* **What you should do**
Which lines of the entries below run from the one holding "Super Mario™ Super" to the one holding "Roud studio design agencies 404 pages", inclusive? Set down exactly those lines and no others.

* **Information given**
--- START ---

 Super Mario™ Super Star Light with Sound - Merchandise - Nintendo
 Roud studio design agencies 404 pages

--- END ---
--- START ---

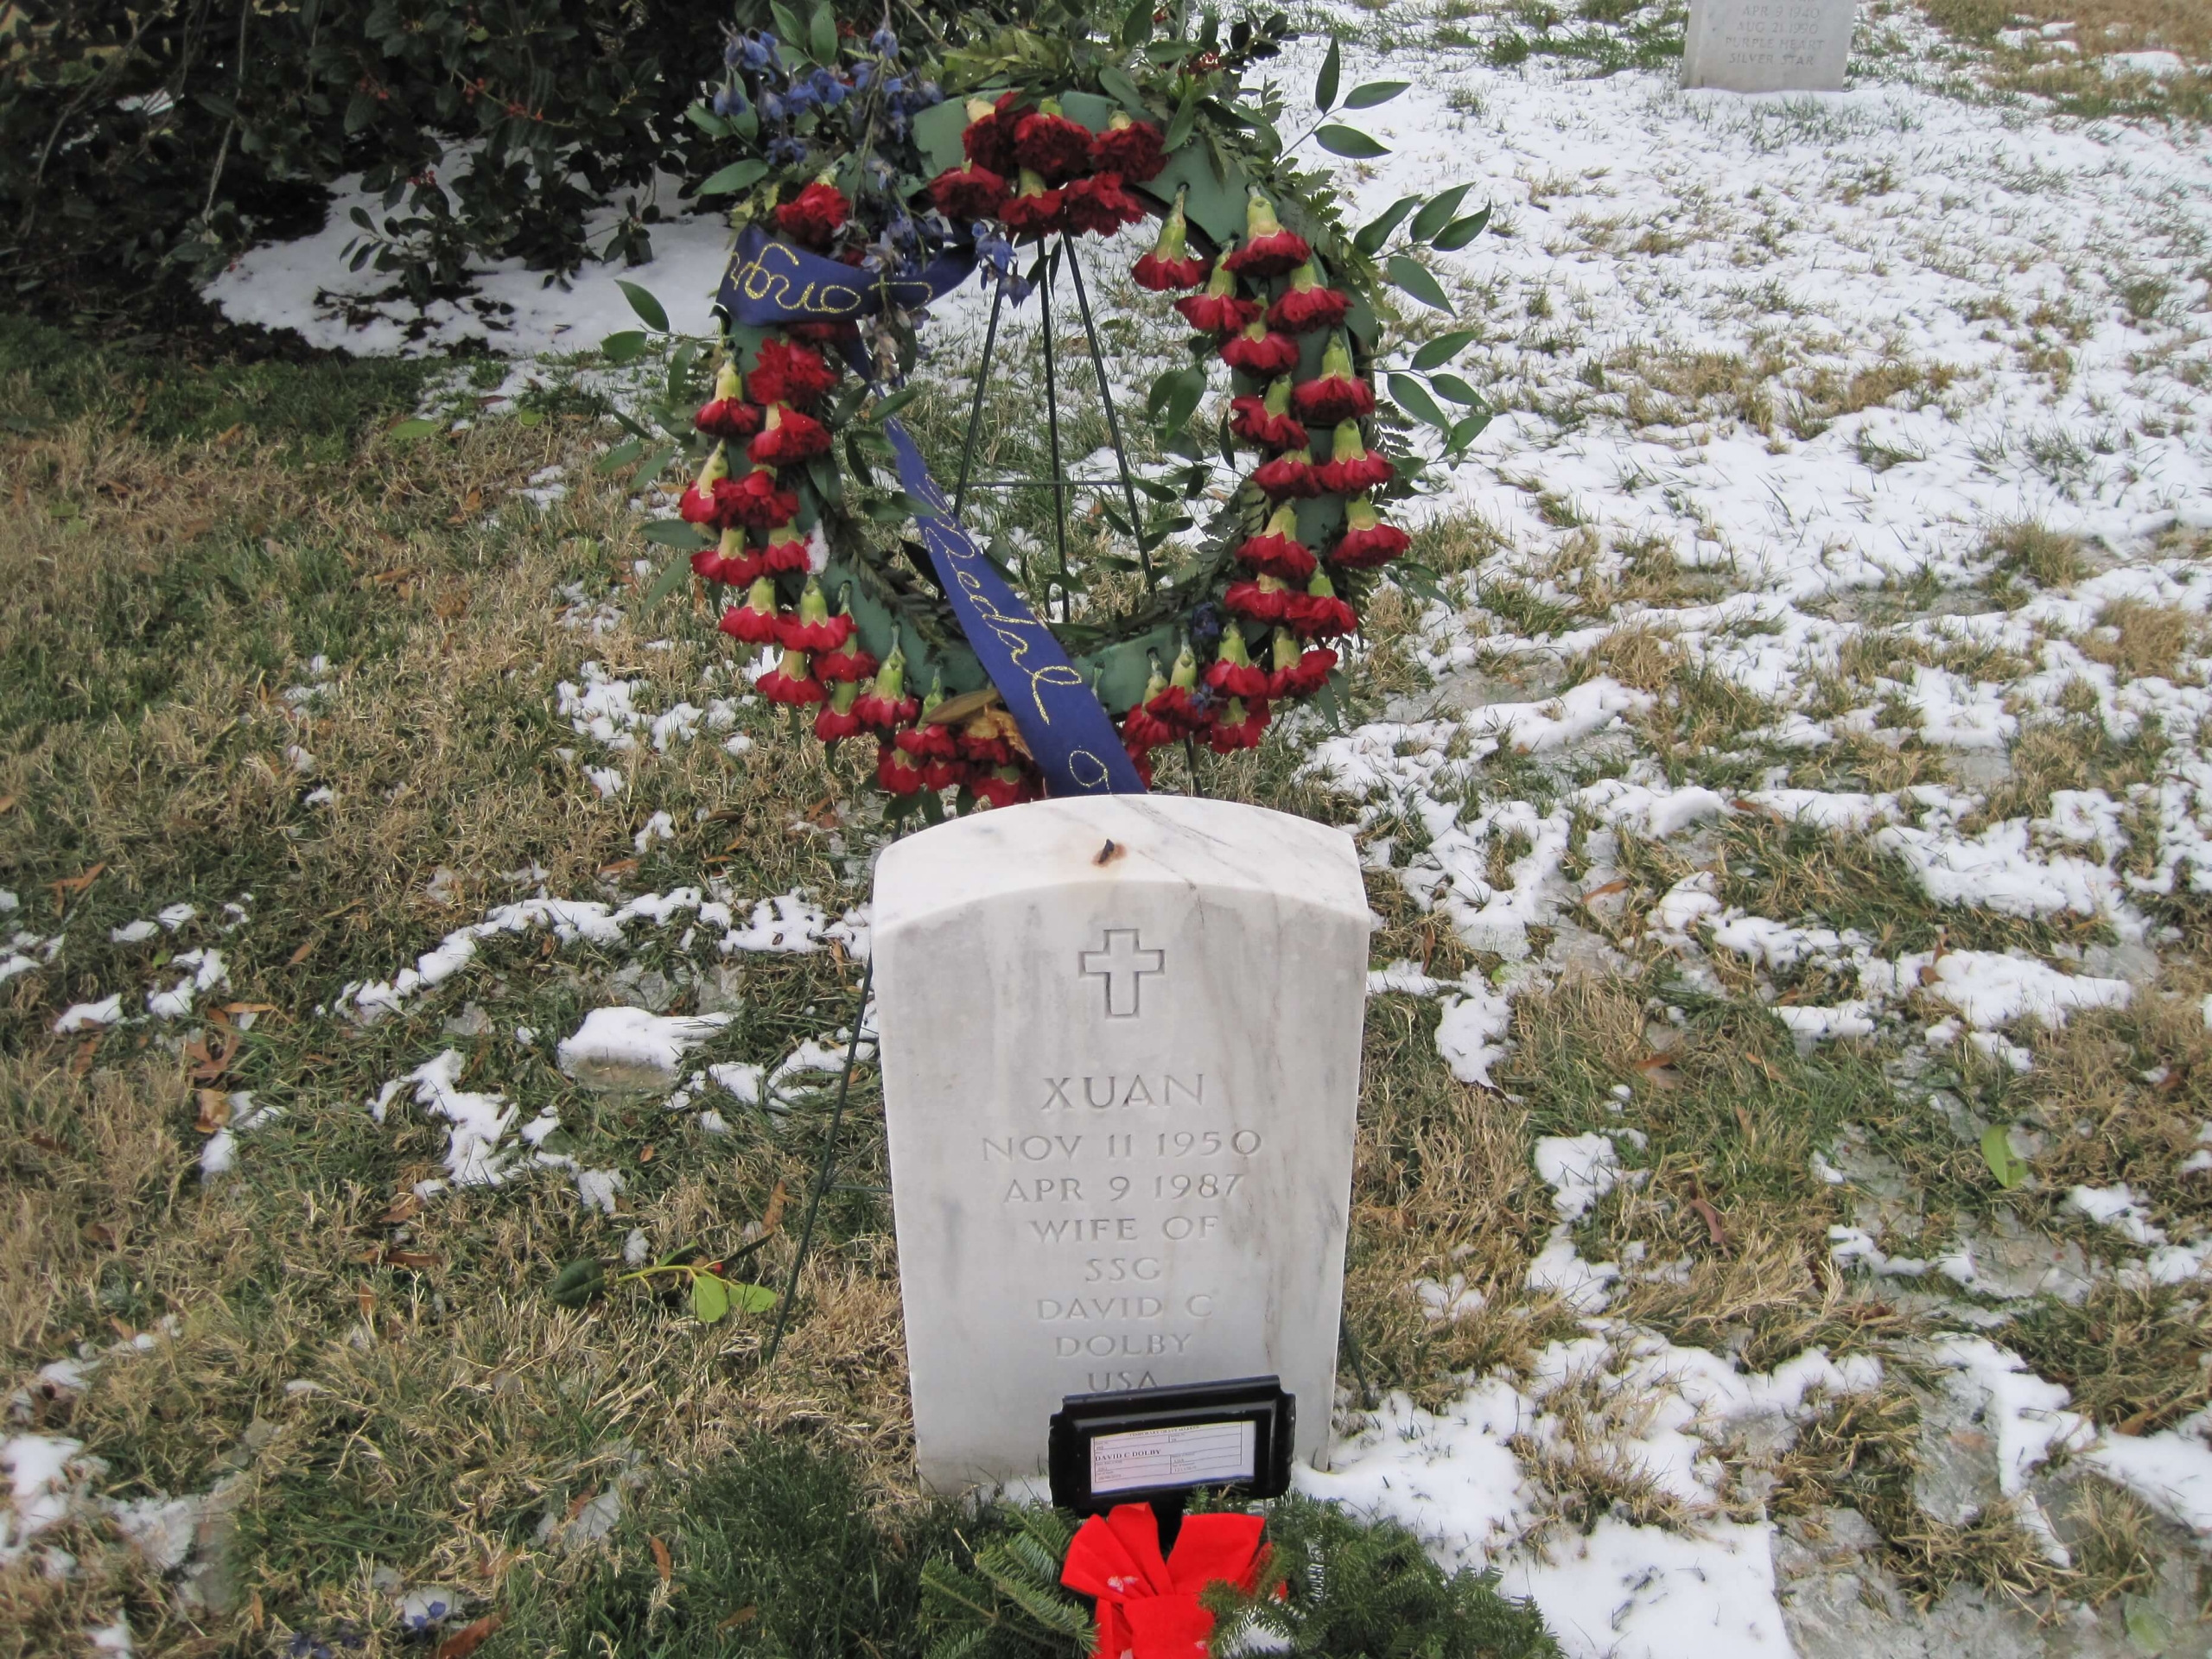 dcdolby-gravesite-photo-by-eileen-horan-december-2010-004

--- END ---

* **Solution below**
 Super Mario™ Super Star Light with Sound - Merchandise - Nintendo
 Roud studio design agencies 404 pages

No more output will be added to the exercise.